→ WHAT YOU SHOULD DO: Every line of the material below should be output exactly as written, with the images skipped.

→ INPUT DATA:
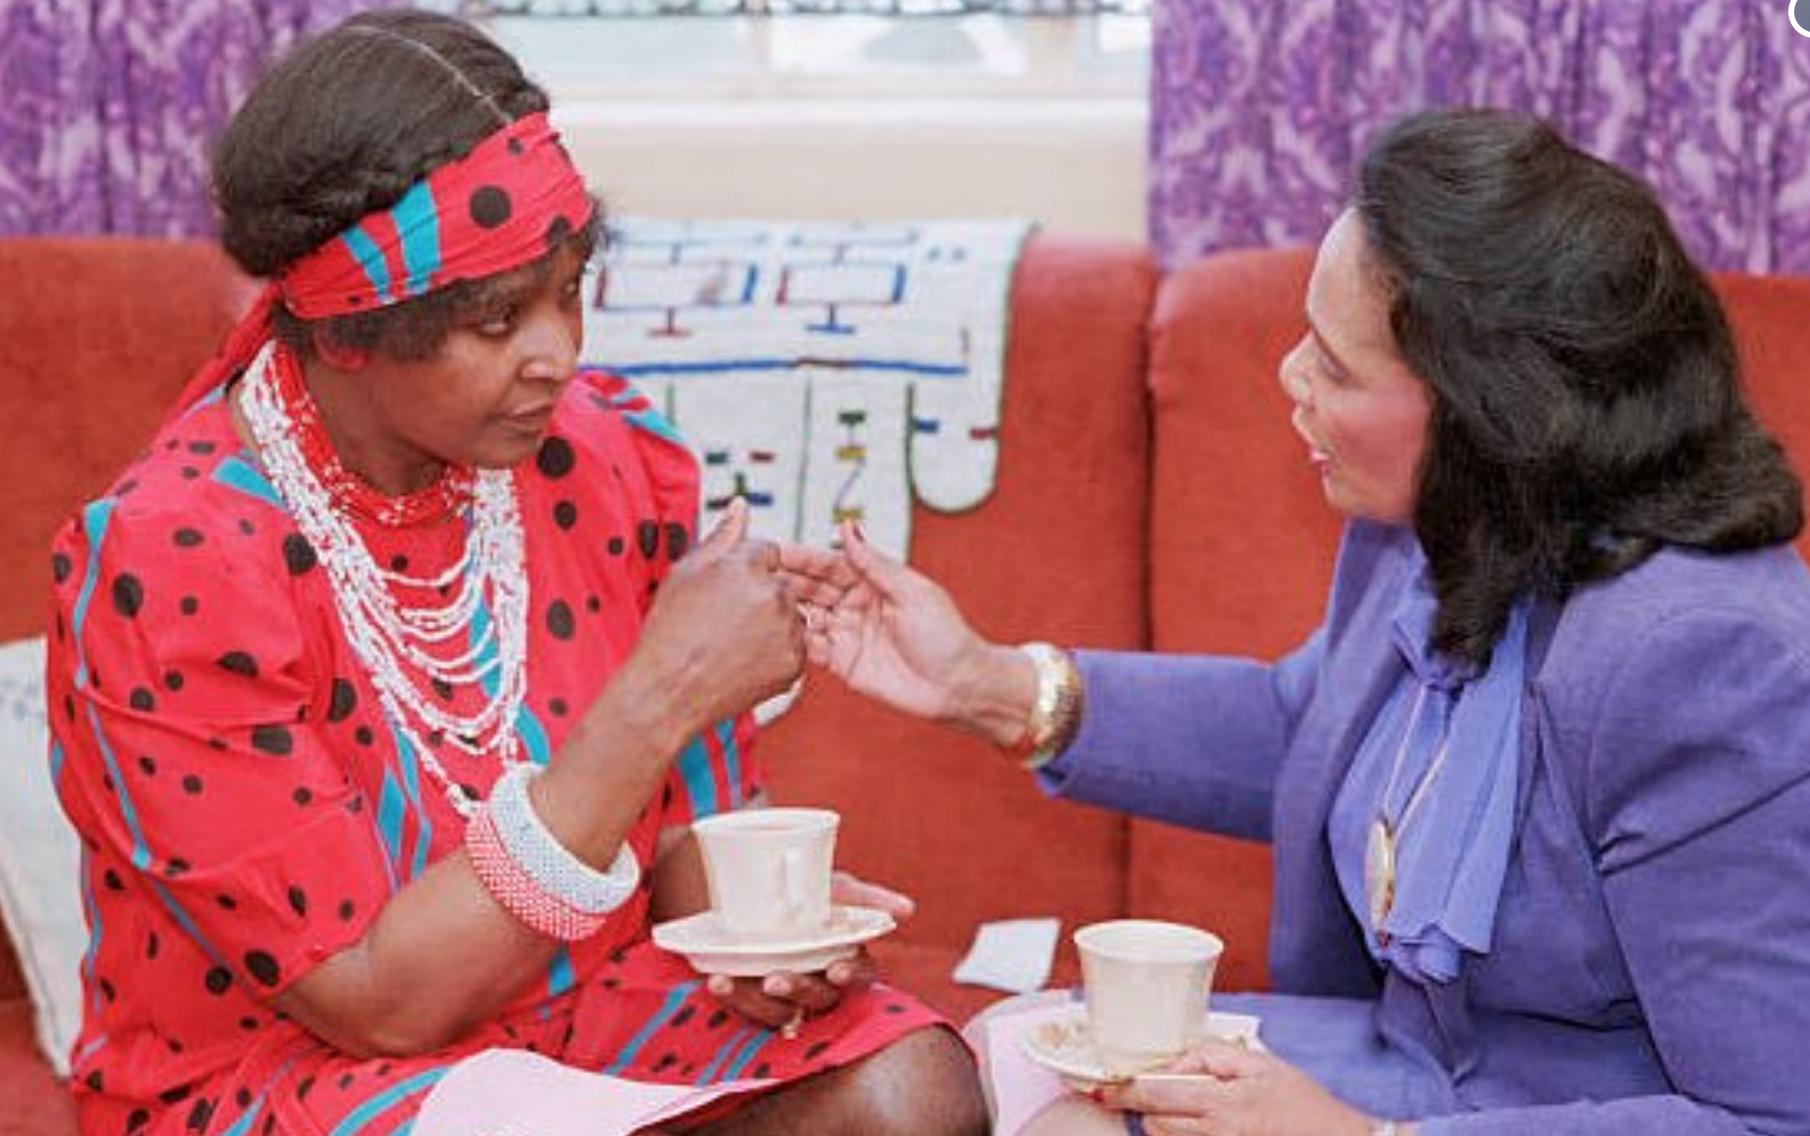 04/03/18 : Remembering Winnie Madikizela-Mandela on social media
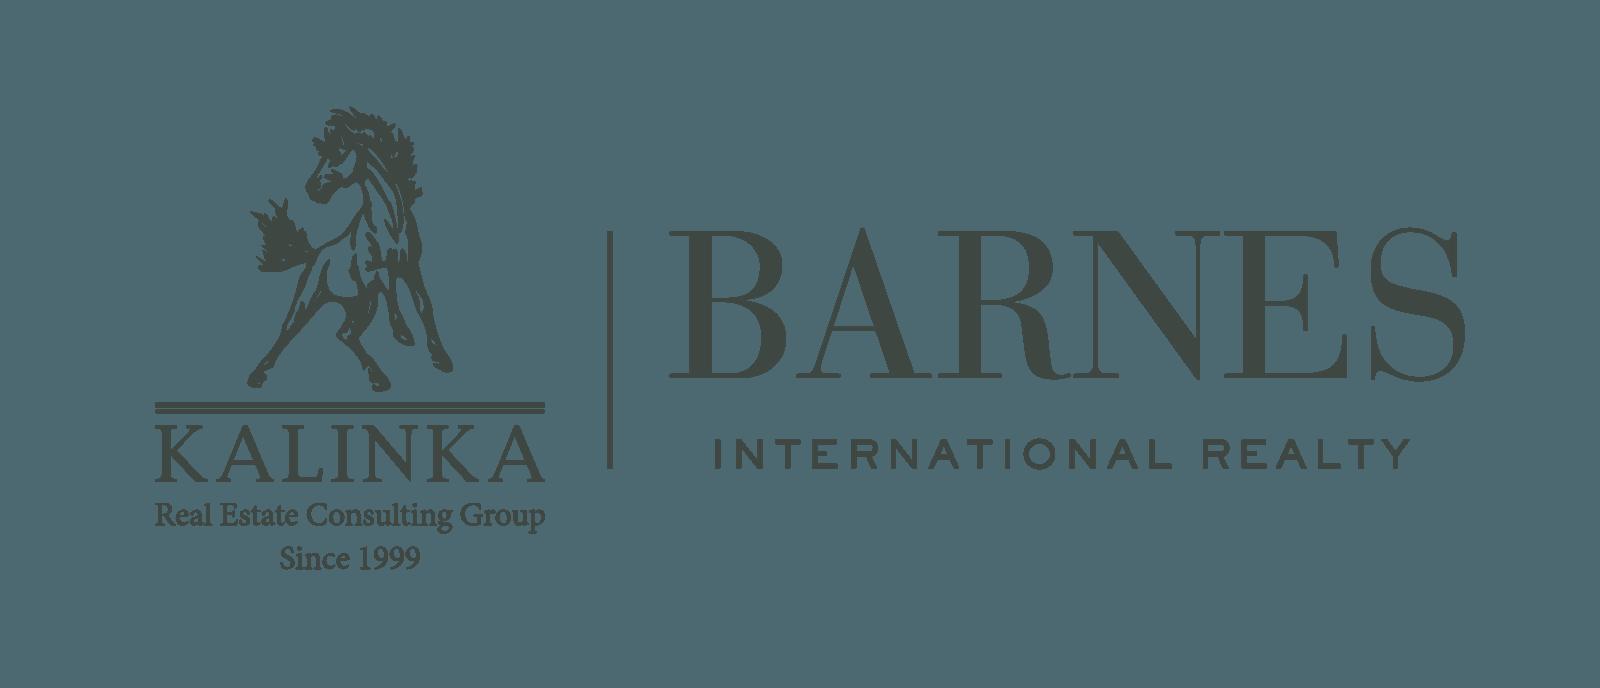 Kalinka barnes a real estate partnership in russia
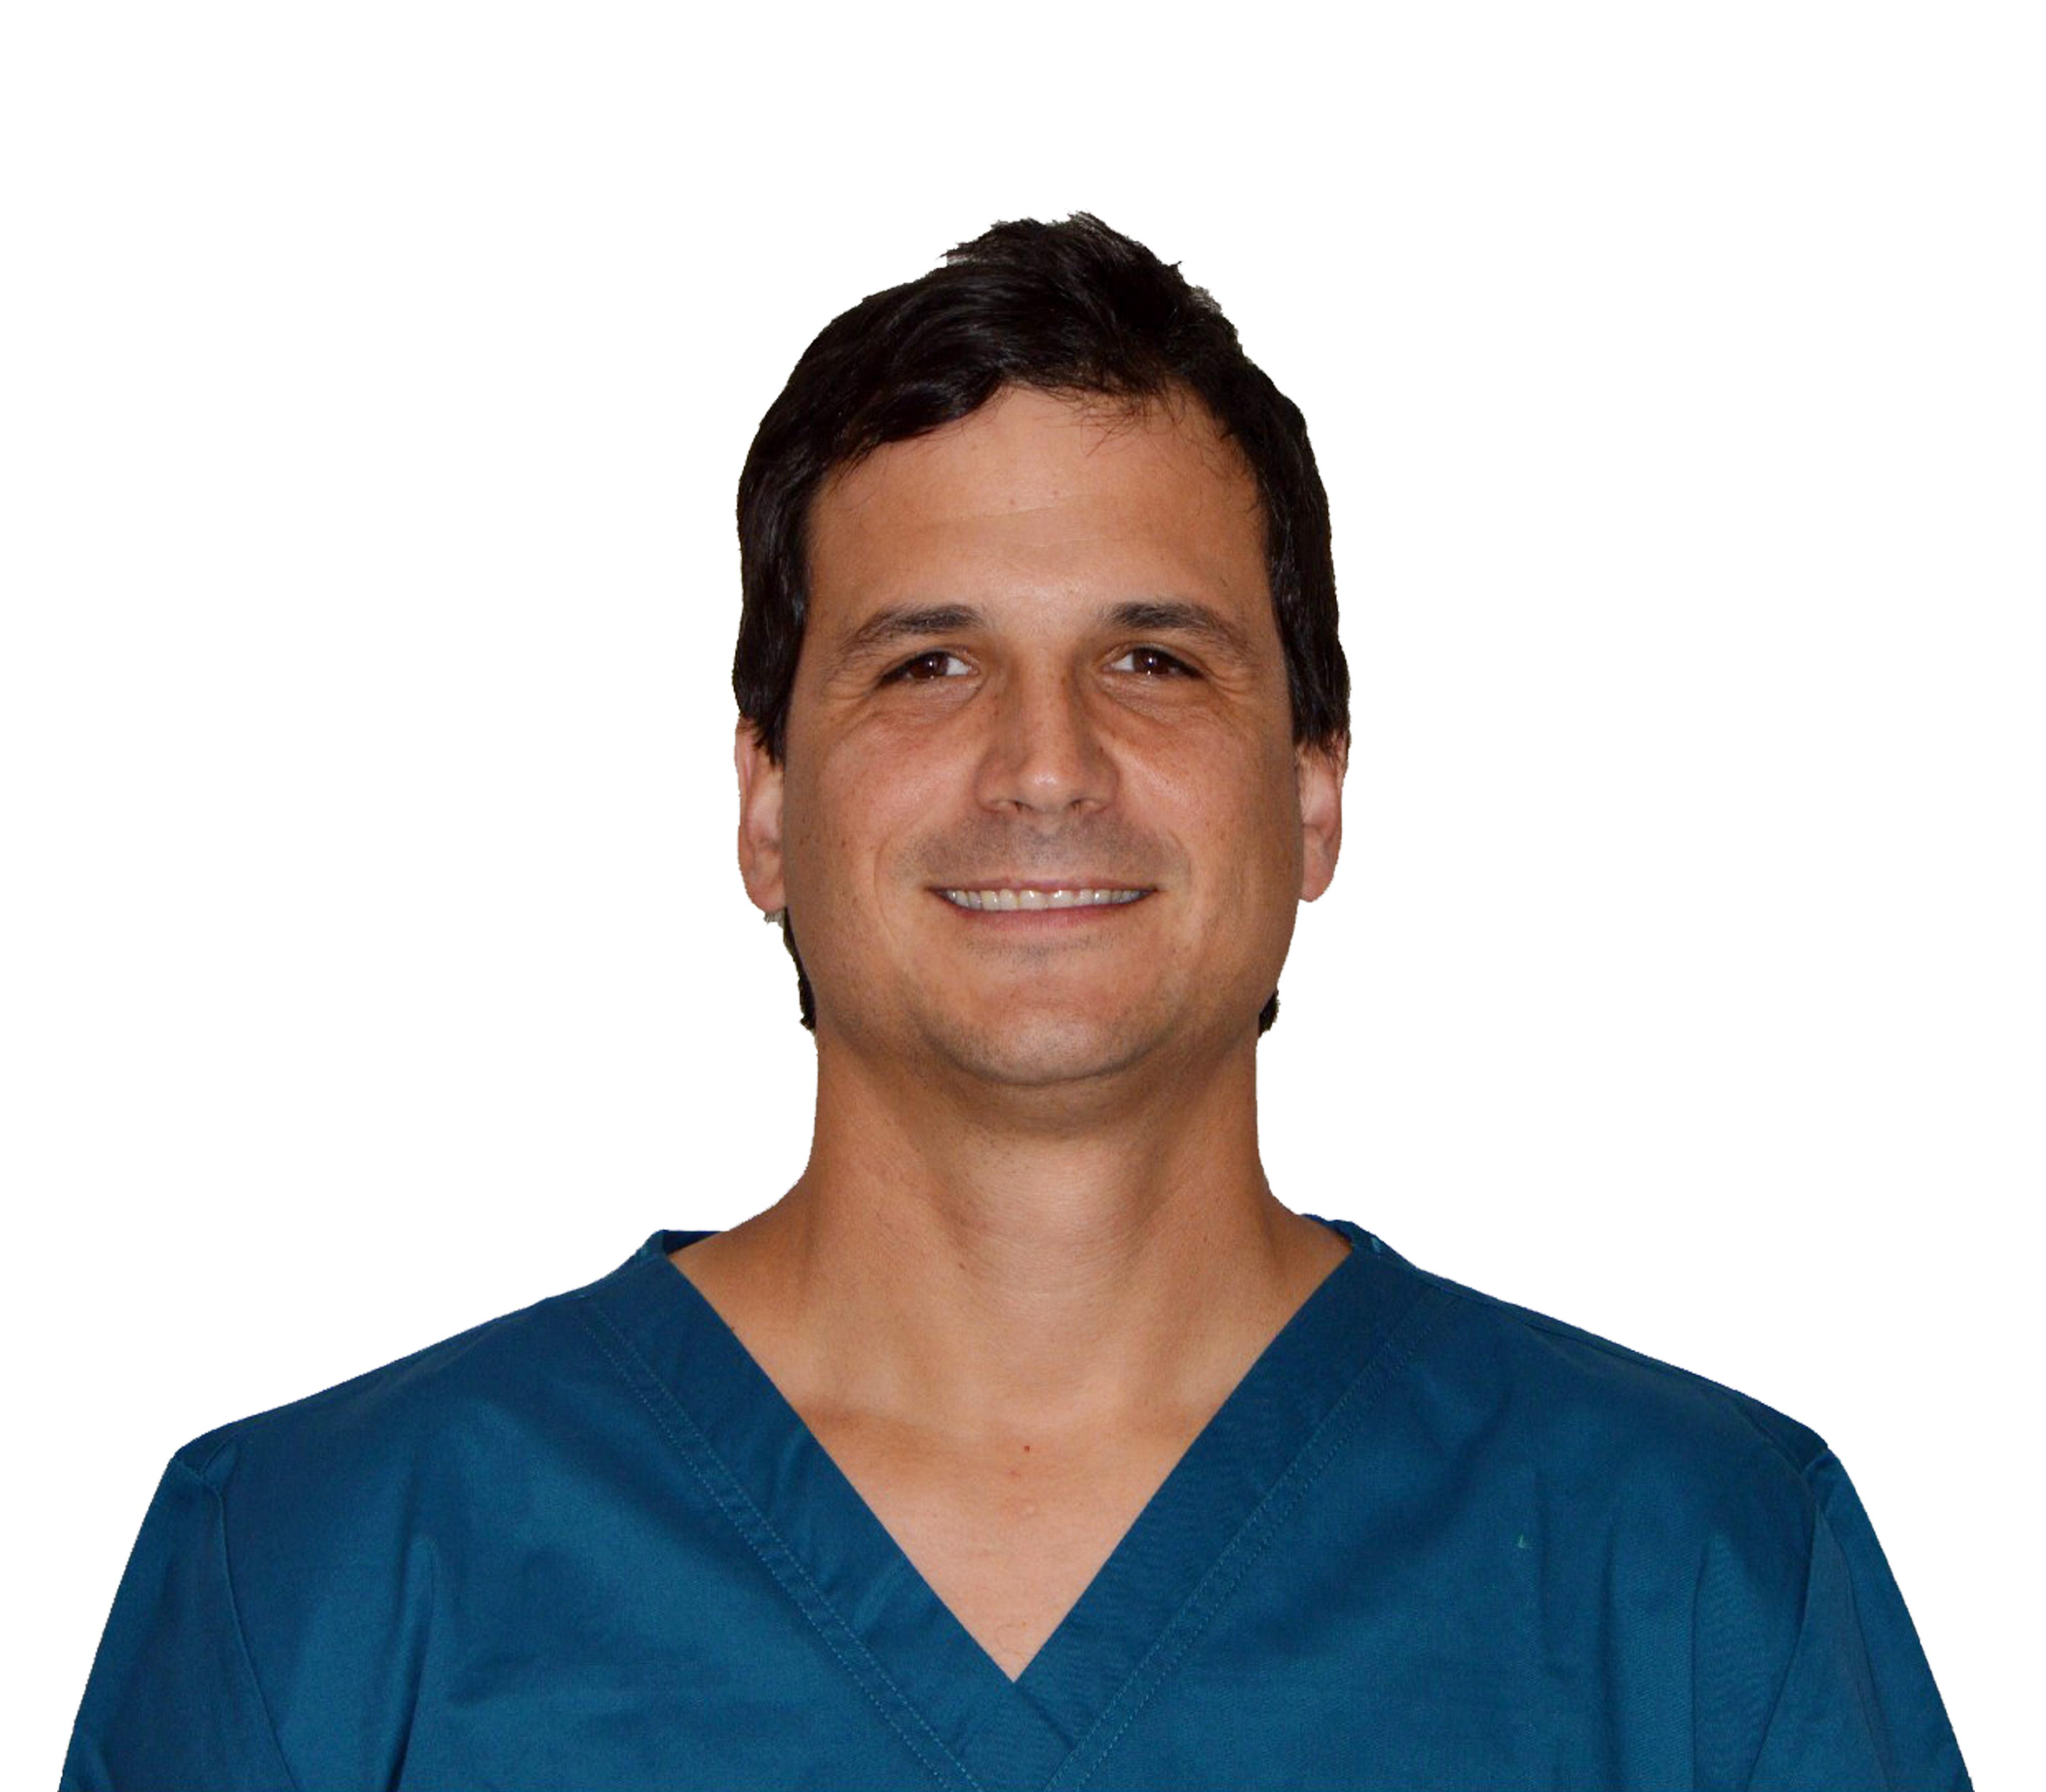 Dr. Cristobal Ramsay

→ ANSWER TO THE PROBLEM:
 04/03/18 : Remembering Winnie Madikizela-Mandela on social media
 Kalinka barnes a real estate partnership in russia
 Dr. Cristobal Ramsay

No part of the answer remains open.